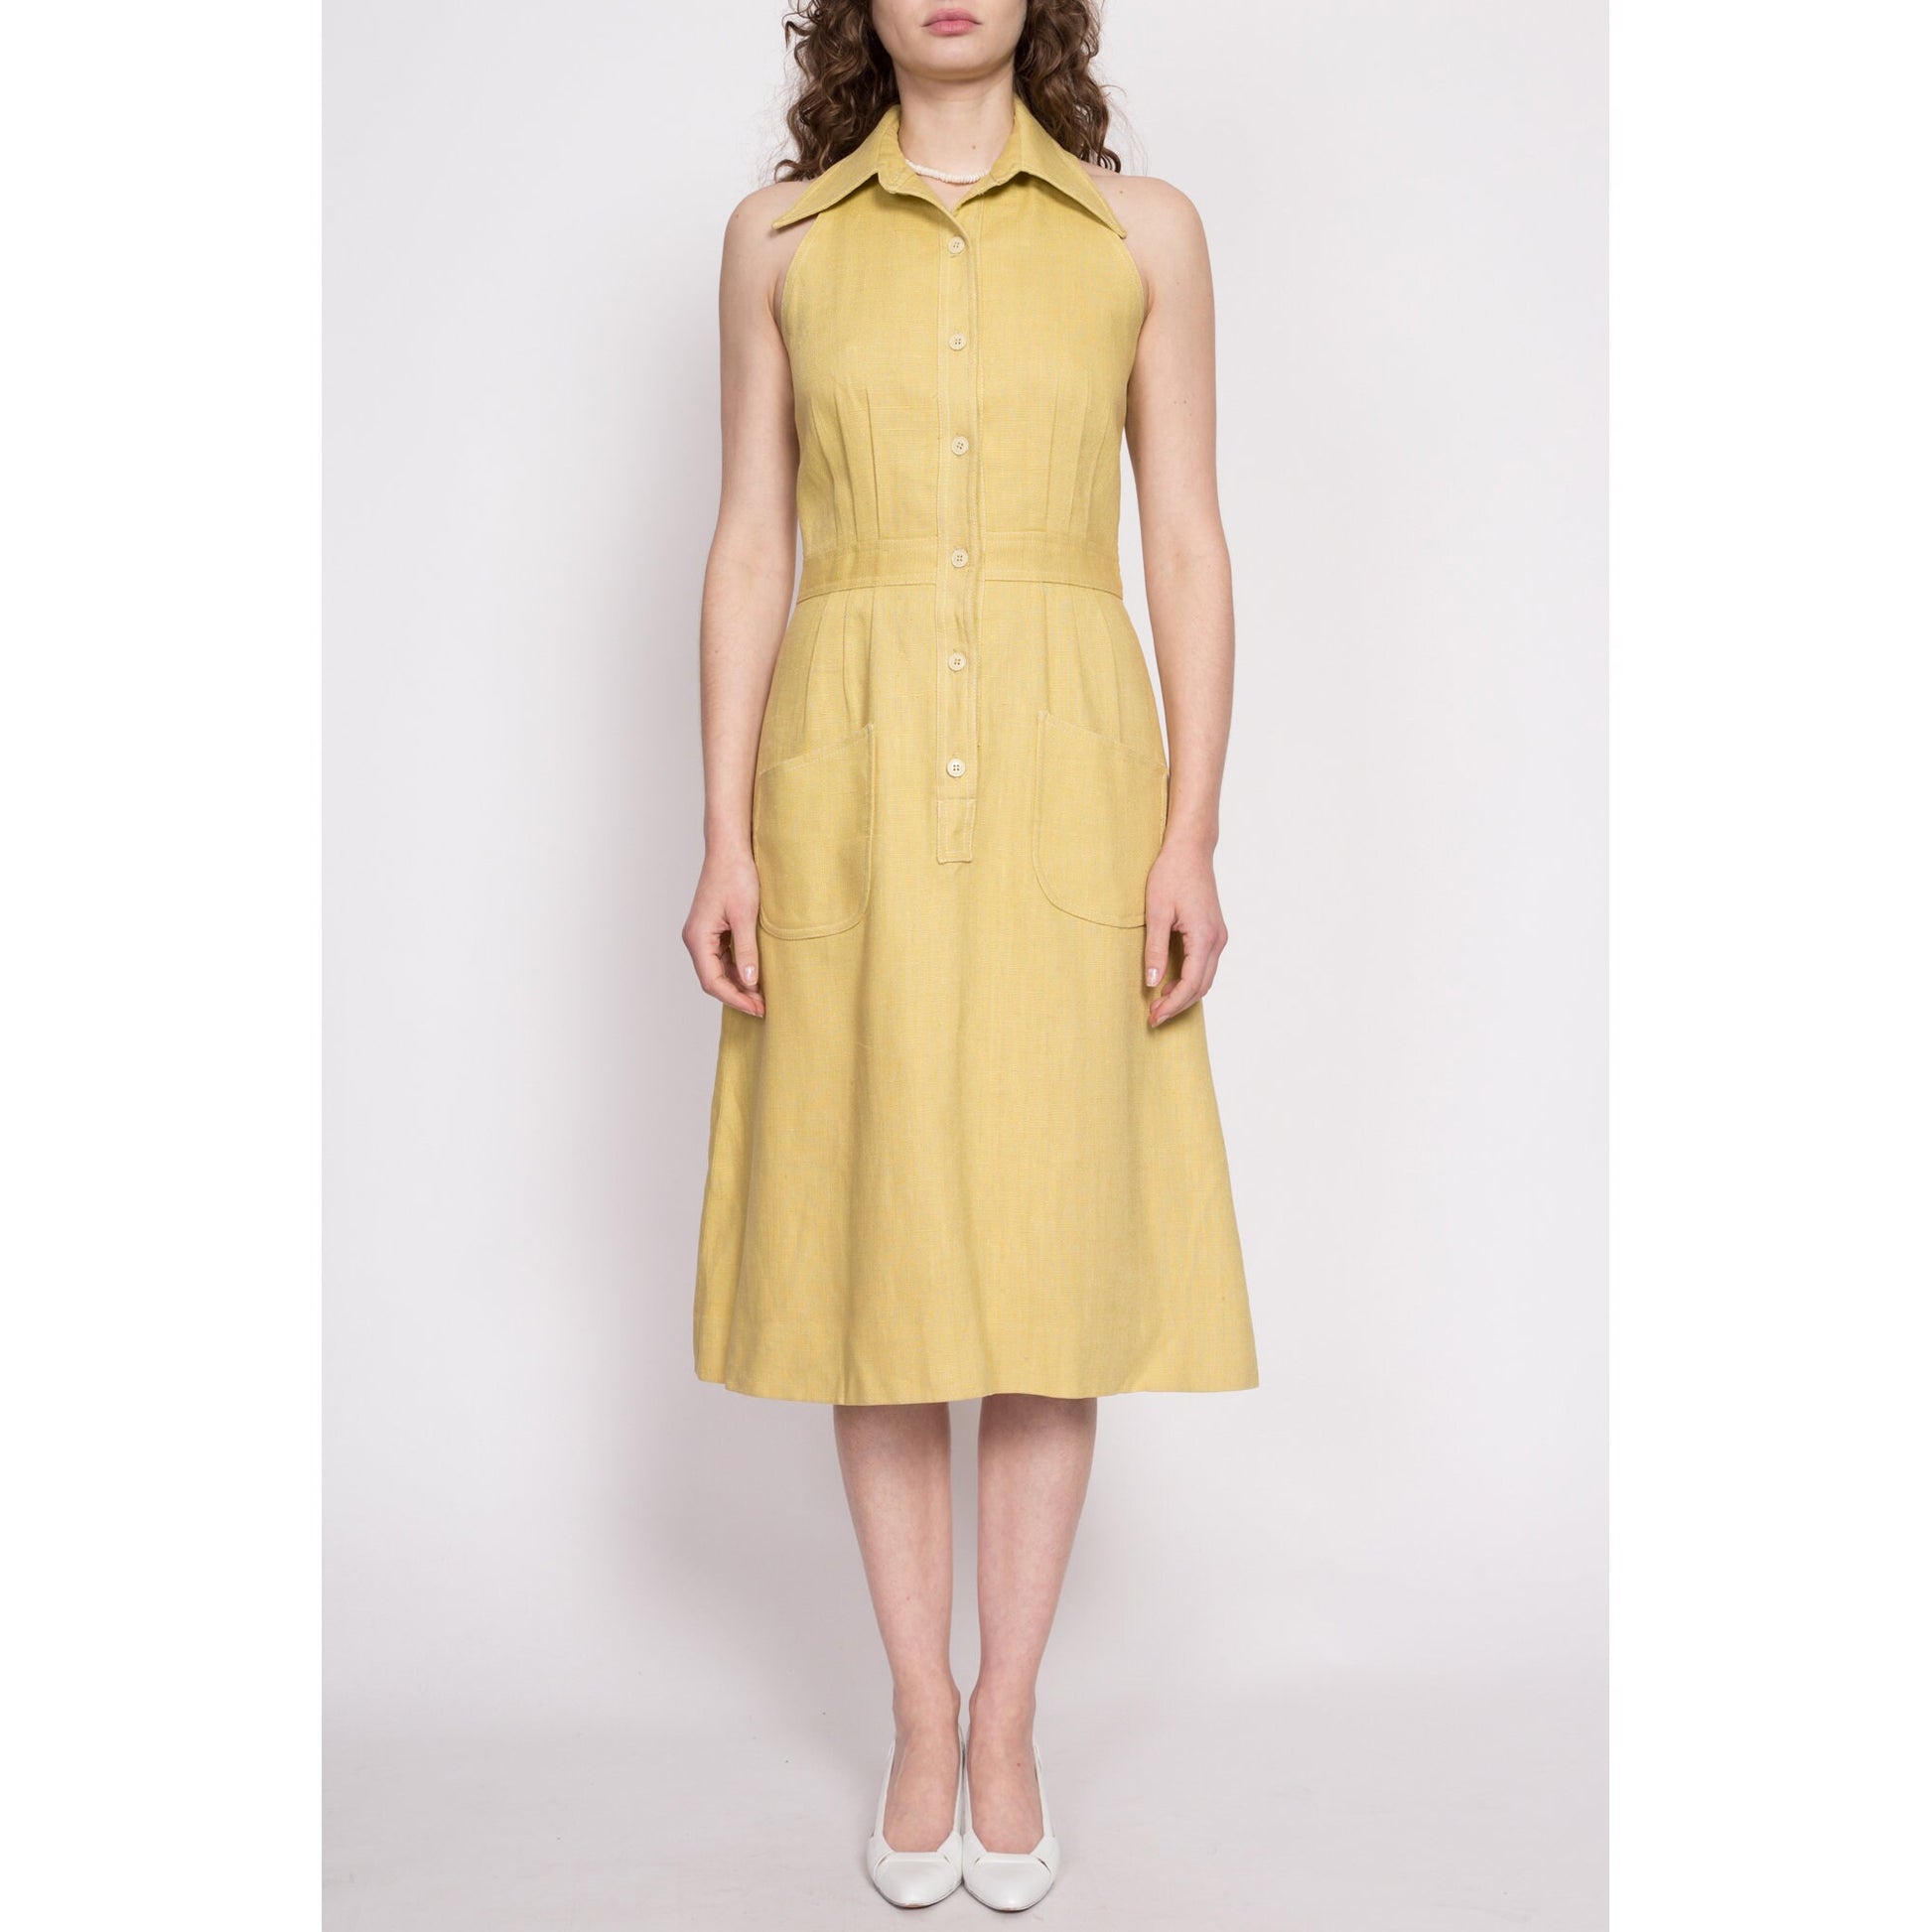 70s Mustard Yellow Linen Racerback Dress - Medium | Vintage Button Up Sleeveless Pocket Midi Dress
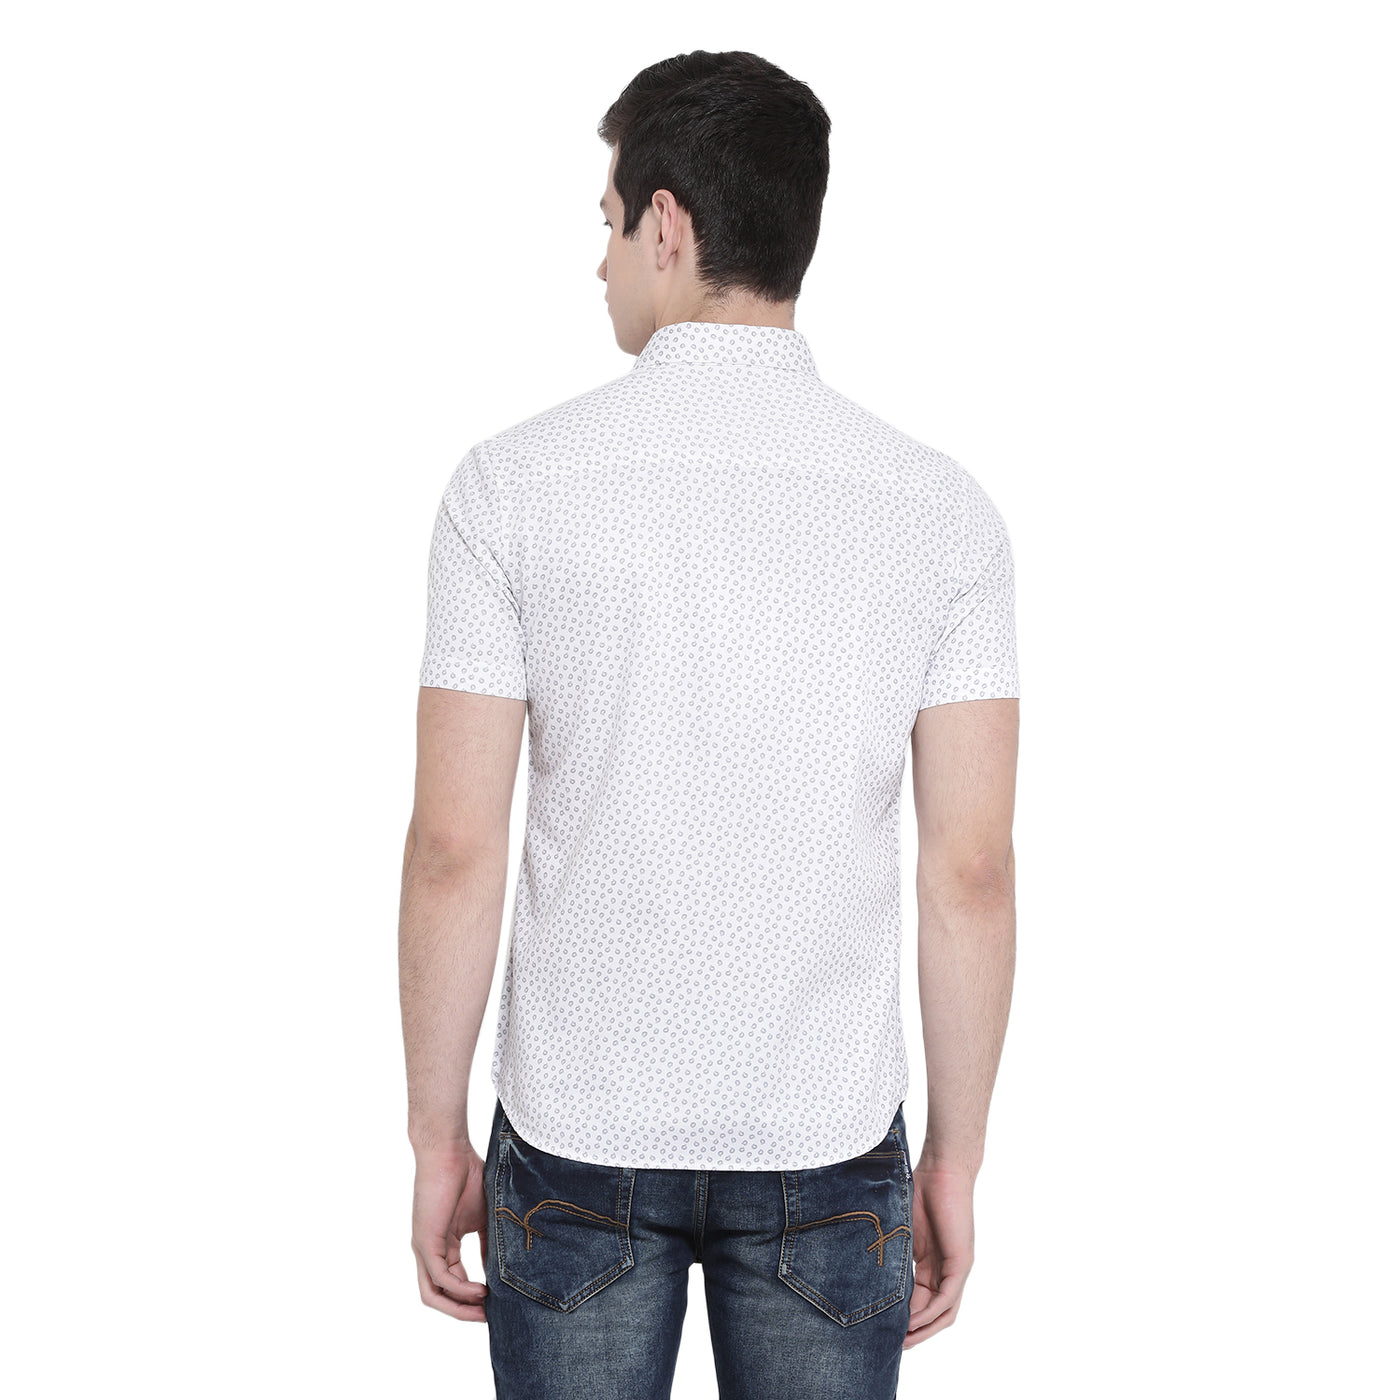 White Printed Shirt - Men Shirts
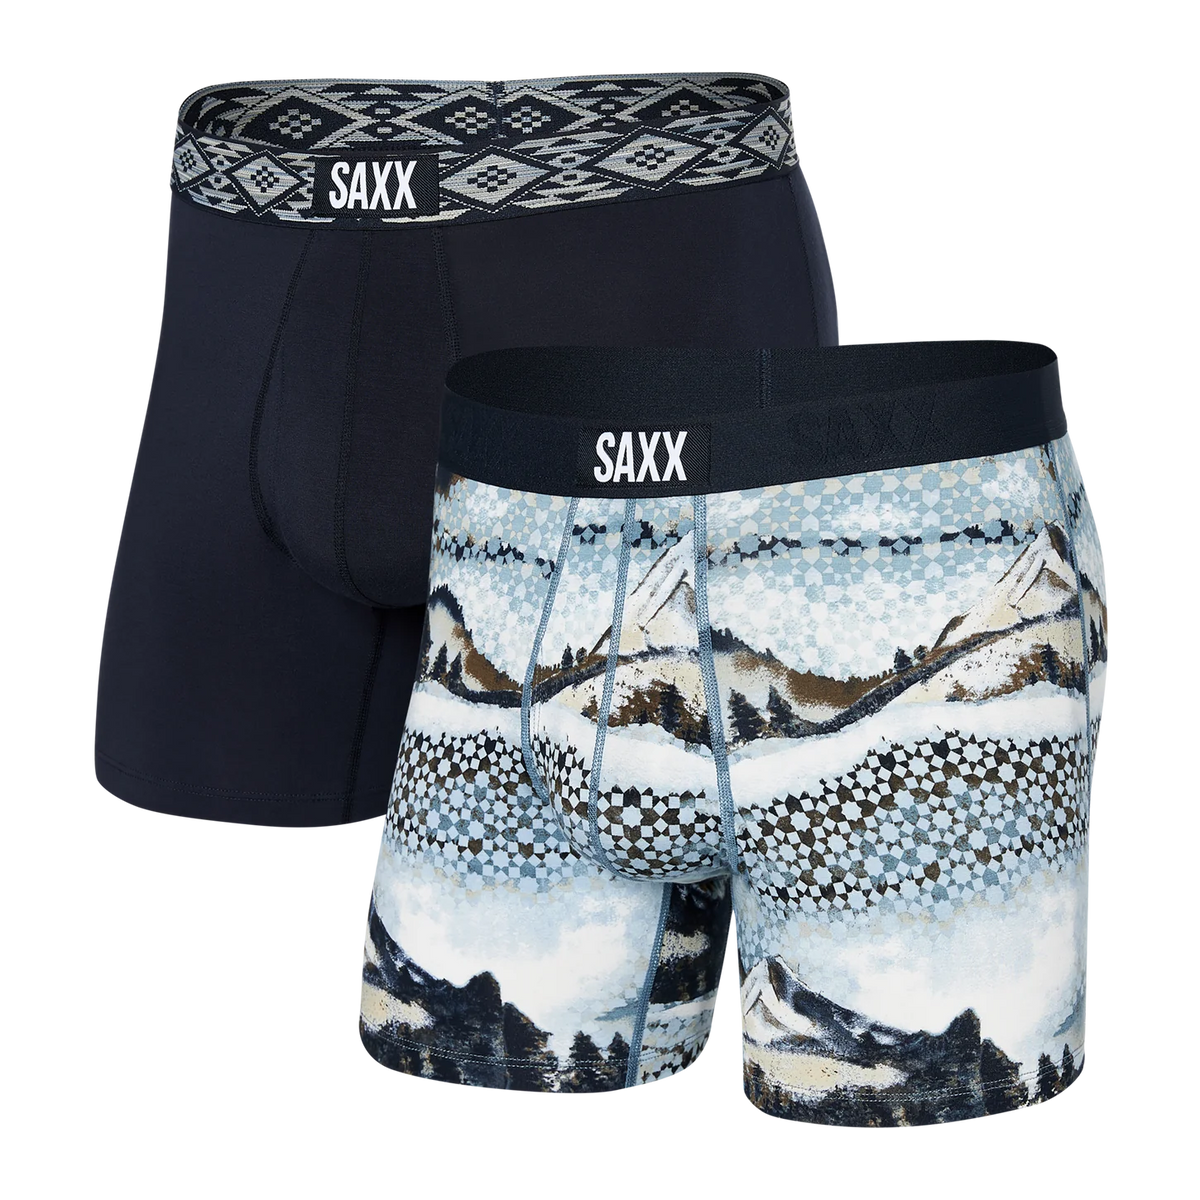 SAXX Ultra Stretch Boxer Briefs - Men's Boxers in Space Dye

##############################

About this exercise
Go through the data and return every word of it verbatim, leaving out the pictures.

Solution to this exercise
 70s Mustard Yellow Linen Racerback Dress - Medium | Vintage Button Up Sleeveless Pocket Midi Dress
 White Printed Shirt - Men Shirts
 SAXX Ultra Stretch Boxer Briefs - Men's Boxers in Space Dye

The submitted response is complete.